But in this moment I would have to feign sympathy, only to throw it back in Joan’s face when she inevitably slipped up. It would put her on a teetering defensive roller coaster, poised to catastrophically plummet from her holier-than-thou attitude. So I crouched in front of her.
‘Joan, now, as I understand it, you were given a very special mission, at quite a young age, weren’t you?’
She nodded.
‘Tell us about it.’
She took a deep breath and began tentatively. ‘Well, I was twelve when Saint Michael came to Father’s front garden to tell me about the English invasion -’
I interrupted her. ‘Was it just Saint Michael or were there other saints as well?’
‘Saint Catherine and Saint Margaret came as well. They were so beautiful…’
‘And so they told you to rid the country of the English?’
‘Yes.

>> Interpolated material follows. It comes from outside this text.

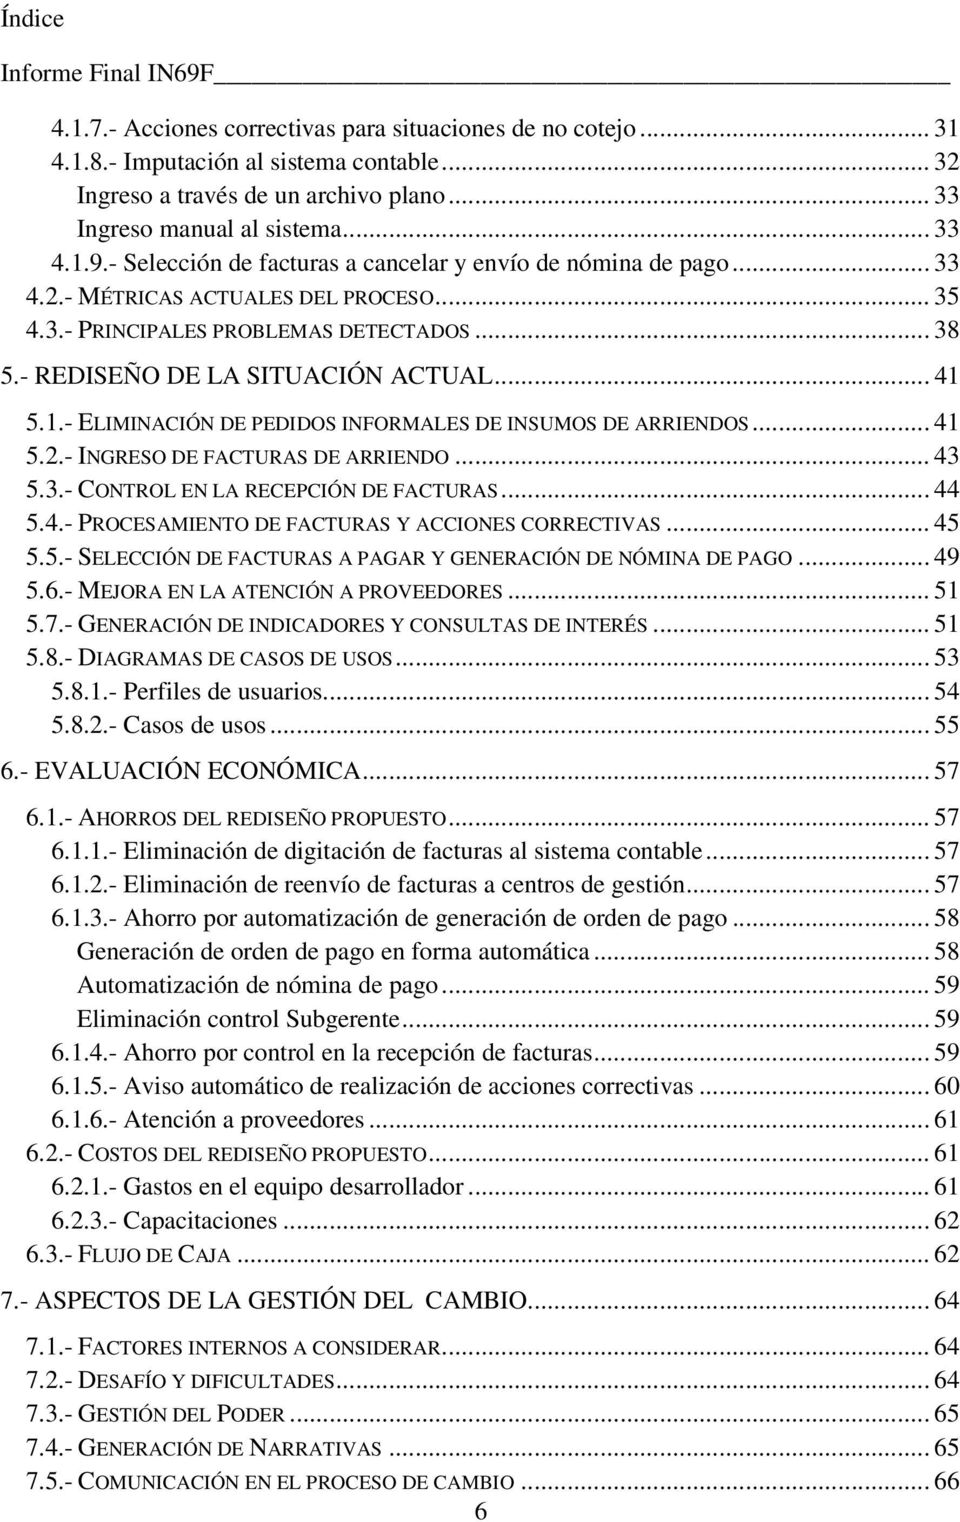 5.1.- ELIMINACIÓN DE PEDIDOS INFORMALES DE INSUMOS DE ARRIENDOS... 41 5.2.- INGRESO DE FACTURAS DE ARRIENDO... 43 5.3.- CONTROL EN LA RECEPCIÓN DE FACTURAS... 44 5.4.- PROCESAMIENTO DE FACTURAS Y ACCIONES CORRECTIVAS.

They told me I had to escort the Dauphin to Paris for the coronation, and that this would make France whole again.’
I spun around theatrically and addressed the audience with a peevish grin. ‘Well, one person who wouldn’t want that would be our next guest, John Talbot, the First Earl of Shrewsbury, Lancastrian Commander of the English Forces. Let’s get John Talbot on the Julius Carlysle Show!’
The studio erupted into cheers once again. I was surprised by the audience’s fervour; several of them had begun to chant my name completely unprompted. The only time they’d usually do that was when I was about to verbally batter some of the noted hate figures we’d brought on the show, such as Mata Hari and Louis Riel.
Shrewsbury walked out onto the stage, his presence notably more polished than Joan’s had been. He grinned, waved at the audience, and pompously and laboriously wrung my hand.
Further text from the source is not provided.